Лаура подошла ближе и вложила мне в руку сложенный листок. Она ушла еще до того, как я осознала, что сжимаю его в руке.
Я прошла дальше по коридору, сердце бешено колотилось. Неужели кто-то узнал, что я натворила? Это угроза? Я открыла дверь своей кельи, закрыла за собой дрожащими руками и стала читать: «Встретимся там, где я впервые тебя увидел». Джакомо. Я тут же узнала знакомый почерк. Ни подписи, ни места. Хитер, как всегда.
«Встретимся там, где я впервые тебя увидел». Что он имел в виду? Сперва я подумала о Венеции: нашей встрече в моем отчем доме, почти год назад. Но он отлично знает, что я не смогу покинуть стены монастыря.
«Встретимся там, где я впервые тебя увидел». В день, когда давала обет Леонора Вендрамини? После выкидыша. У воды. У старого дерева.
Я накинула на плечи шерстяной плащ и выскользнула на улицу, бросившись к своему прошлому. Иллюзий у меня не осталось. Слишком много горя убило нашу любовь. Но я все равно бежала, только для того, чтобы в последний раз прикоснуться к своему прошлому.
Я знала, что матушка настоятельница занята Мариной. Но в монастыре были и другие настырные женщины, которые могут меня заметить. Я пробежала через крытую галерею, которая оказалась безлюдна. Прибежав к началу вымощенной тропинки к лагуне, я взглянула на пустынную зимнюю лужайку. Все монашки и послушницы были внутри, грелись. Оглянувшись назад, я побежала к воде. Холодный ветер развевал плащ и юбки.
Пару шагов, и я оказалась у старого дерева. Листья облетели, только голые ветки скребли небо.
— Катерина! — услышала я громкий шепот из-за толстого, сучковатого ствола. Я обошла дерево, следуя на звук знакомого голоса.
— Джакомо! — воскликнула я. Каким же он выглядел изможденным. В его глазах — некогда темных и блестящих, поселилась грусть, они потускнели. На лбу залегли морщинки. — Как ты можешь так рисковать и приходить сюда? — спросила я, кутаясь в плащ. Меня била дрожь. Он тоже кутался в толстый плащ, из-под которого виднелись коричневые шерстяные бриджи. Никакого тебе яркого шелка.

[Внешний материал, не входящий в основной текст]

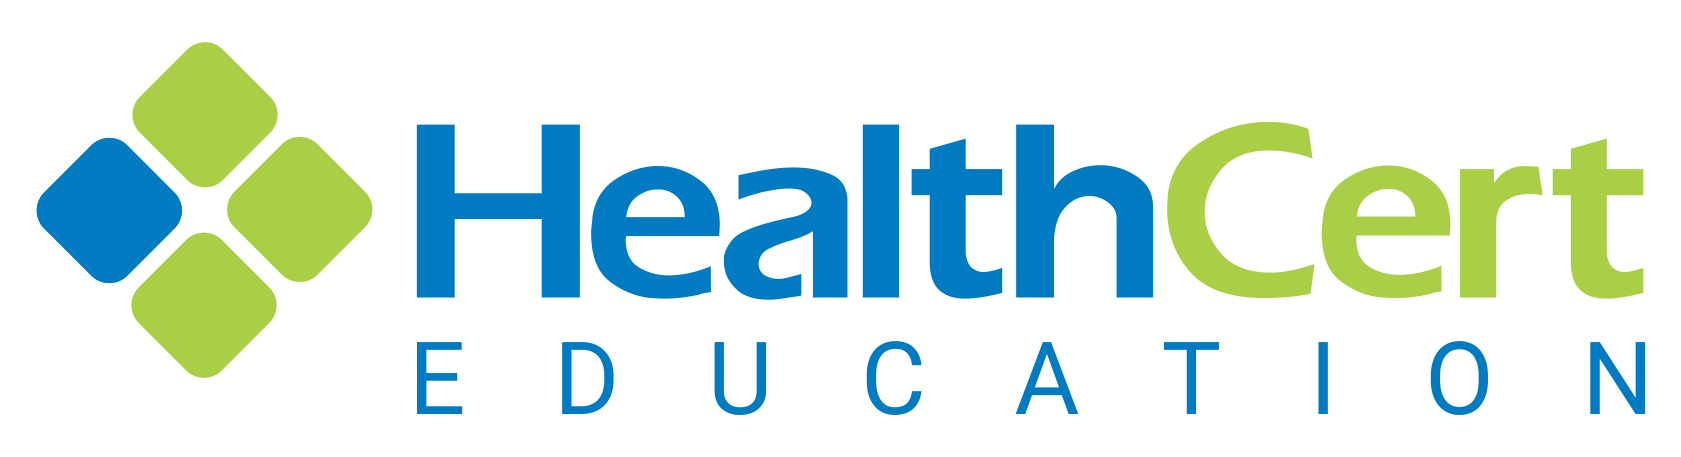 HealthCert-Education

— Я не мог не прийти. Хотел попрощаться.
— Попрощаться? — ахнула я в оцепенении. В некотором смысле он уже давно сказал мне «прощай». Только я предпочла этого не слышать и продолжала все плыть против течения.
— У вас с Мариной из-за меня одни беды, — объяснил он. — Пришло время мне забыть вас обеих.
— Но здесь нет твоей вины, — заверила я, ощущая слабость из-за того, что он берет на себя ответственность за то, как я поступила с Мариной. И тем не менее я не собиралась ни в чем ему признаваться. Пусть до конца жизни продолжает верить, что я ангел. Пусть никогда не узнает, что я совершила.
— Я никогда не хотел причинить тебе вред, — сказал он, недоверчиво качая головой. — Ты должна это знать. И все же… я тебя обидел. Я слышал, что Марина поправляется?
Я кивнула. На глаза начали наворачиваться слезы.
— Джакомо, неужели ты оставишь нас обеих на этом несчастном острове?
— Я должен, ангел мой. Прошу тебя, не плачь, — умолял он. — Мысль о том, что я сделал тебя несчастной, для меня невыносима.
— Да! Ты сделал меня несчастной! — призналась я. И расплакалась, не в силах удержаться и скрыть свои истинные чувства. — Я любила тебя, мы поклялись друг другу, а для тебя все это оказалось пустым звуком.
— Человек никогда не должен клясться в вечной преданности, даже красивейшим из женщин, — сказал он, наматывая на палец выбившуюся прядь моих волос. Он обезоруживающе посмотрел мне в глаза. — Мне кажется, мы оба это поняли… ведь так?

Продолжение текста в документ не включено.